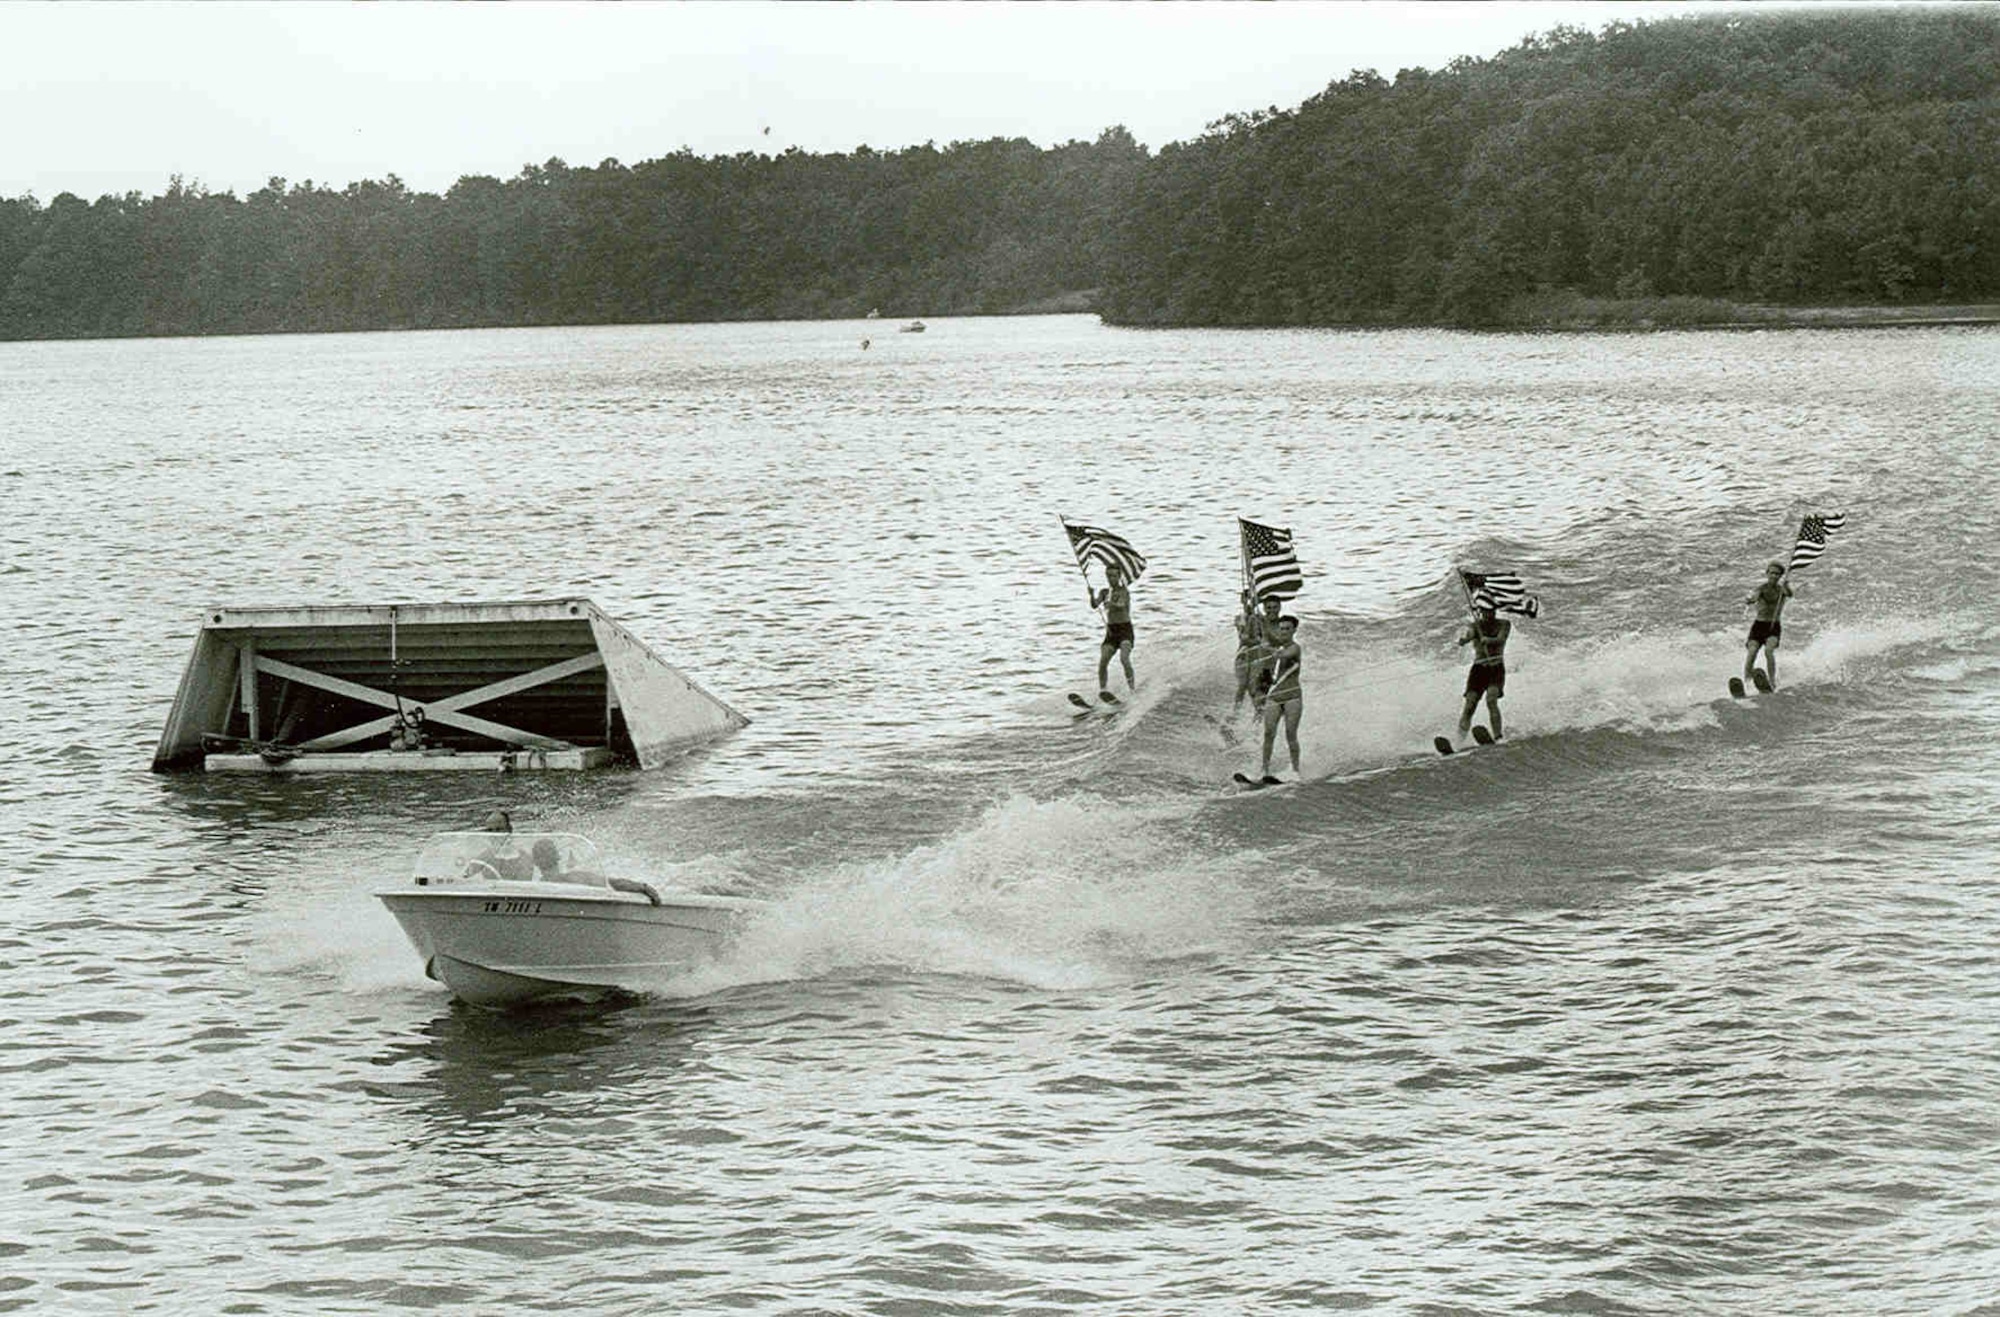 A ski club performs on Woods Reservoir during the 14th annual Arnold Engineering Development Center Family Picnic in 1968. Woods Reservoir opened for public fishing and recreation on May 30, 1953, and quickly became a destination for swimmers, skiers and fishermen. It was also used for AEDC picnics and other functions. The Elk River Dam was completed 70 years ago this month. Its construction led to the creation of Woods Reservoir, which has since supplied cooling water to the test facilities at Arnold Air Force Base, Tennessee. Arnold AFB is the headquarters of the Arnold Engineering Development Complex. (U.S. Air Force photo)
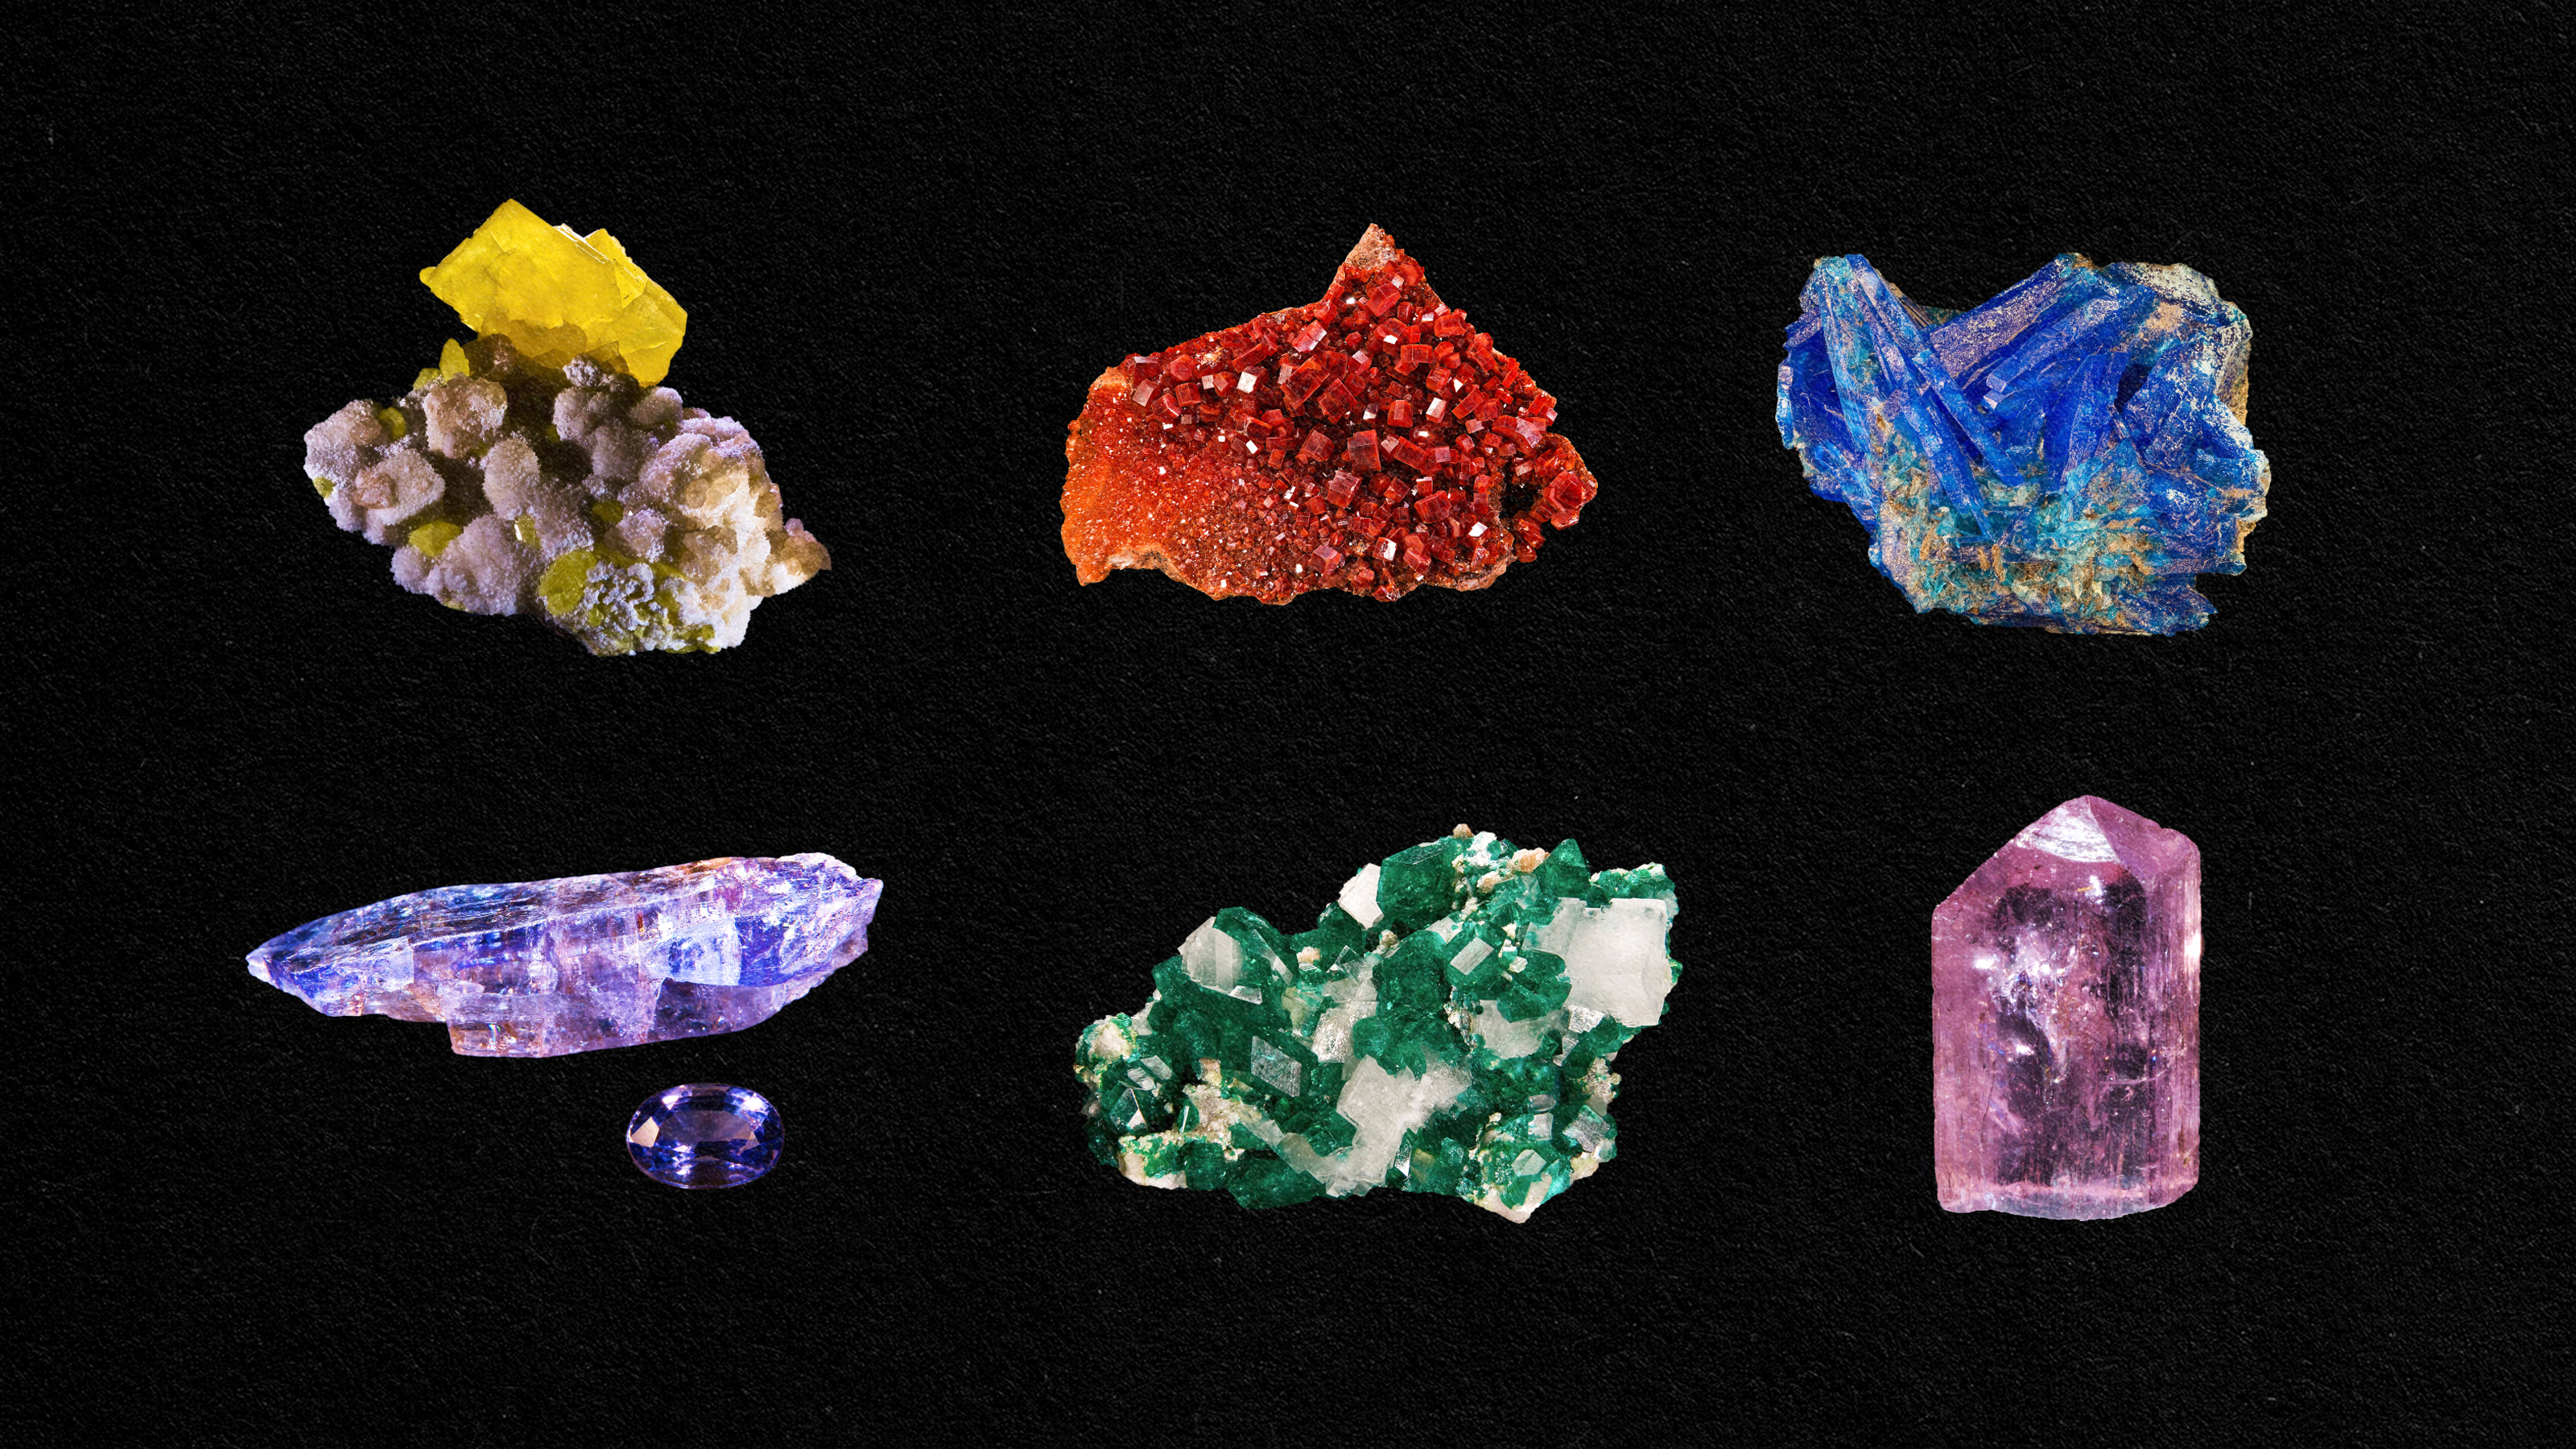 A collection of different colored minerals on a black background.
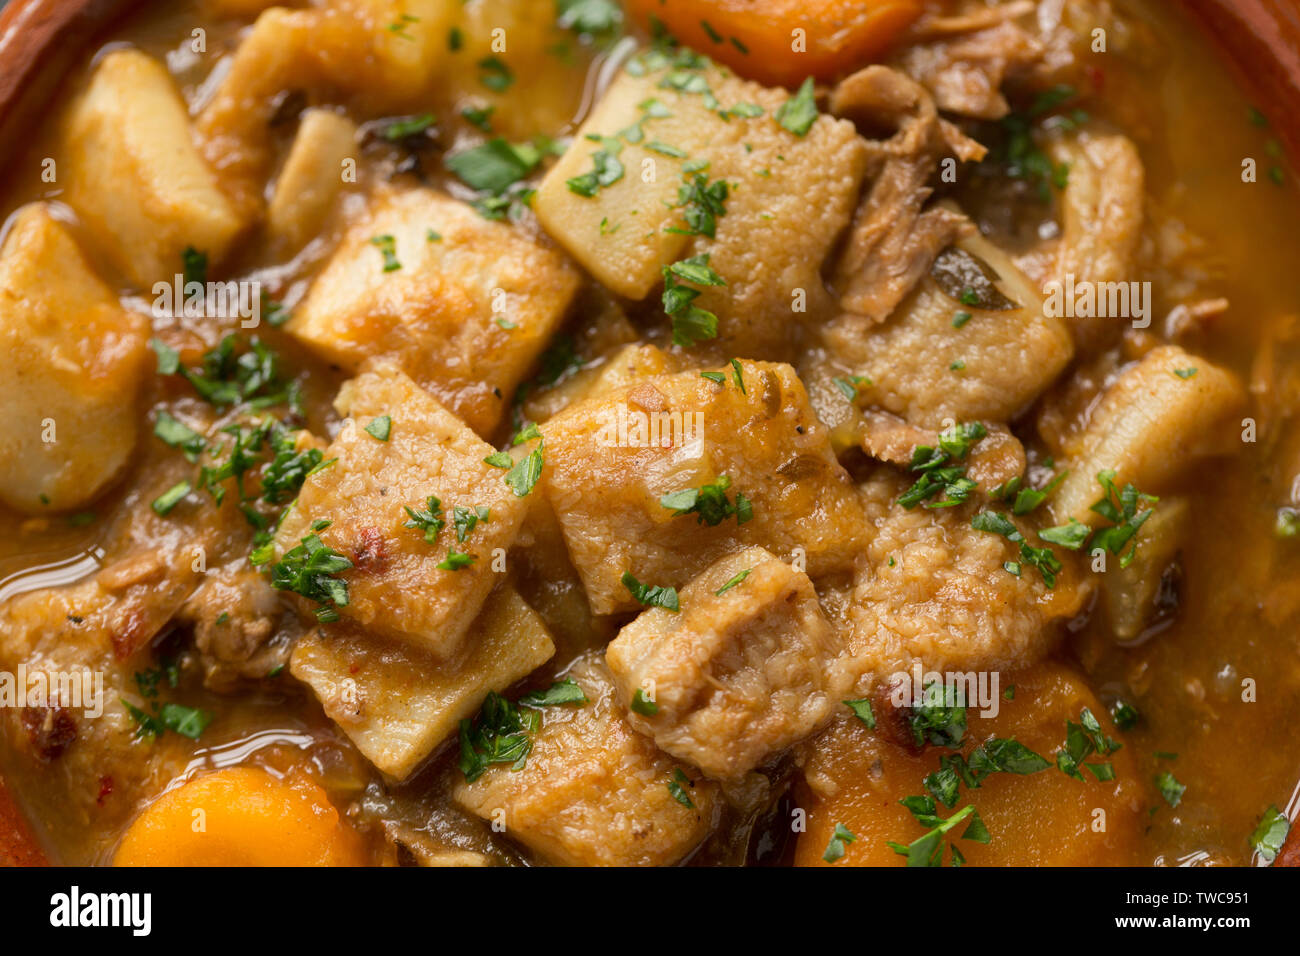 A meat stew made from roe deer venison, vegtables and herbs to which cubes of ox tripe have been added. England UK GB Stock Photo
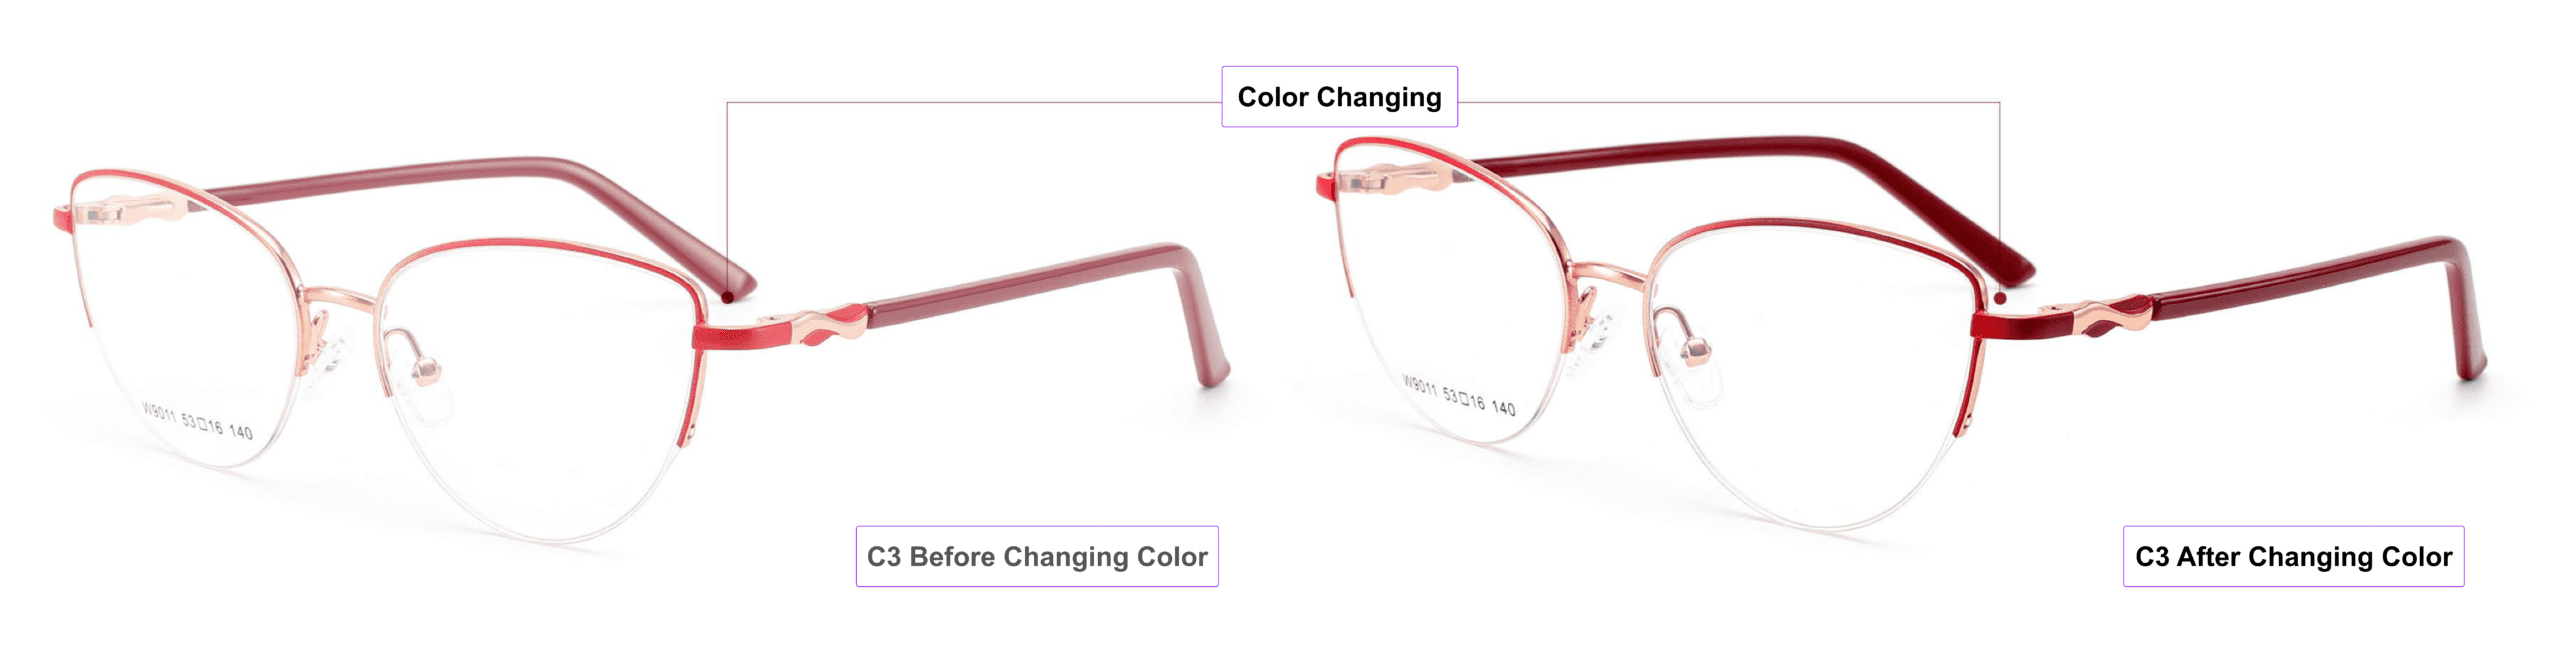 color changing glasses frames, China glasses wholesaler, glasses accessories, process of color changing, pink gold, crimson, dark red

Action item: Write out the material above again, word for word, minus its pictures.

Answer section:
 A ski club performs on Woods Reservoir during the 14th annual Arnold Engineering Development Center Family Picnic in 1968. Woods Reservoir opened for public fishing and recreation on May 30, 1953, and quickly became a destination for swimmers, skiers and fishermen. It was also used for AEDC picnics and other functions. The Elk River Dam was completed 70 years ago this month. Its construction led to the creation of Woods Reservoir, which has since supplied cooling water to the test facilities at Arnold Air Force Base, Tennessee. Arnold AFB is the headquarters of the Arnold Engineering Development Complex. (U.S. Air Force photo)
 A collection of different colored minerals on a black background.
 A meat stew made from roe deer venison, vegtables and herbs to which cubes of ox tripe have been added. England UK GB Stock Photo
 color changing glasses frames, China glasses wholesaler, glasses accessories, process of color changing, pink gold, crimson, dark red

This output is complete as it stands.